### YOUR INSTRUCTIONS
Please filter the data down to the lines that include the word "SHEIN" and copy them.

### INPUT

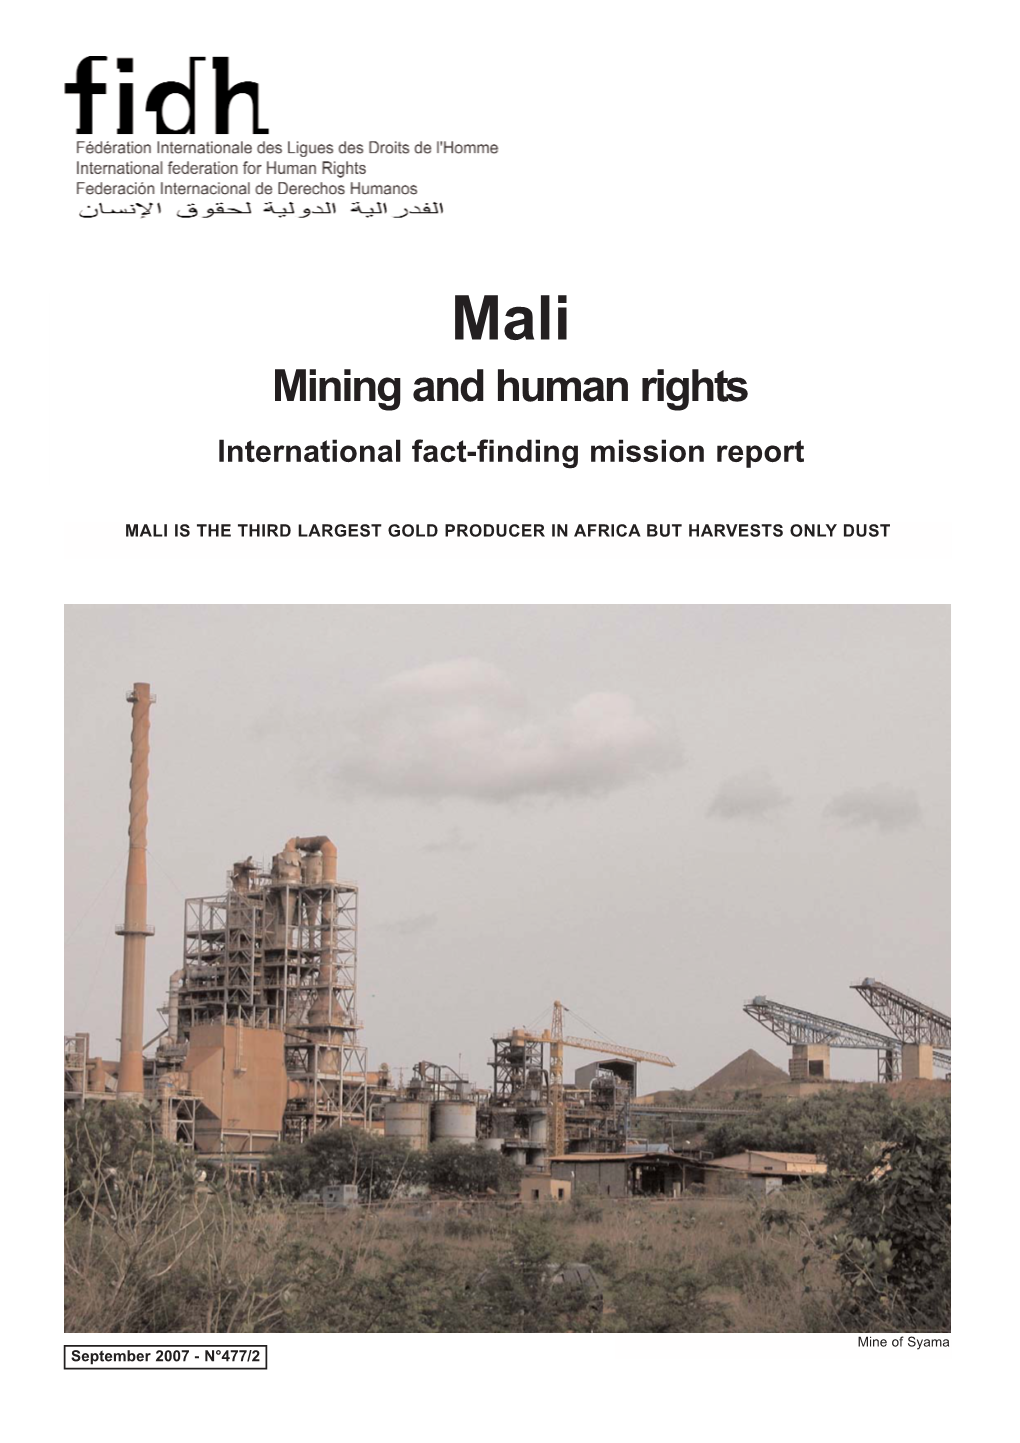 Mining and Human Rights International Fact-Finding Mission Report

* * *

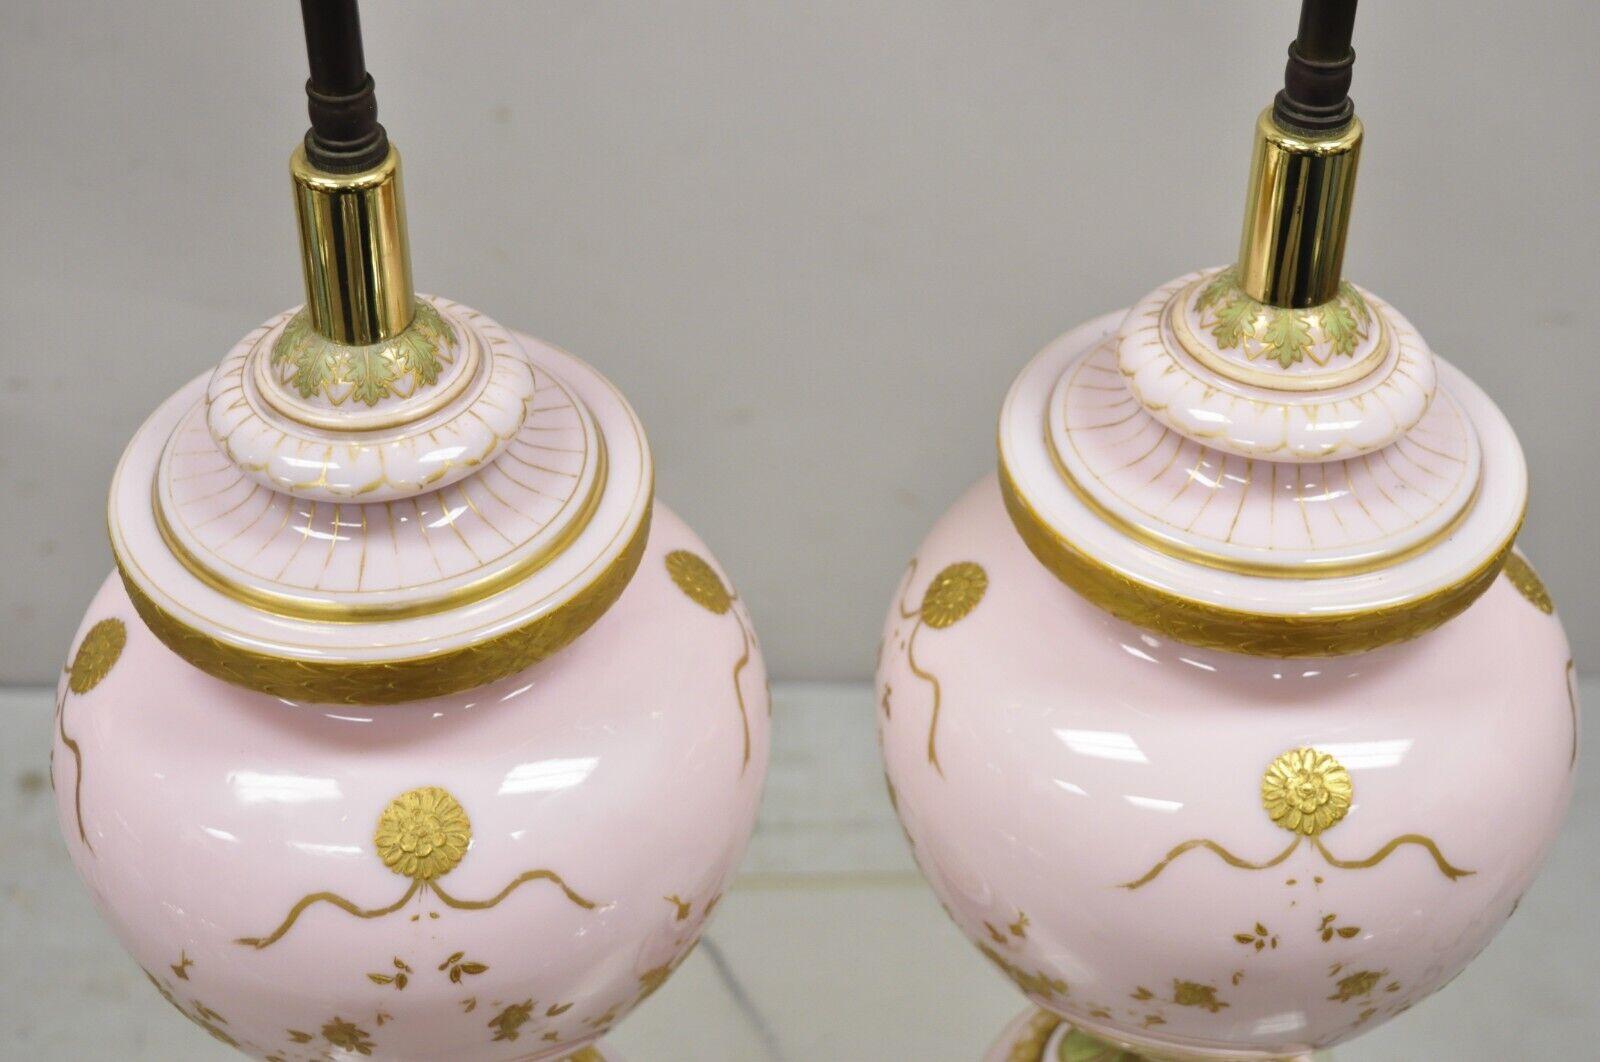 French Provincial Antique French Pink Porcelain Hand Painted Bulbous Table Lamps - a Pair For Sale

---

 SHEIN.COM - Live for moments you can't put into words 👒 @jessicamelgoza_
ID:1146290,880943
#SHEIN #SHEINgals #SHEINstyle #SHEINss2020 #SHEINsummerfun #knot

### SOLUTION TO THE EXERCISE
 SHEIN.COM - Live for moments you can't put into words 👒 @jessicamelgoza_
#SHEIN #SHEINgals #SHEINstyle #SHEINss2020 #SHEINsummerfun #knot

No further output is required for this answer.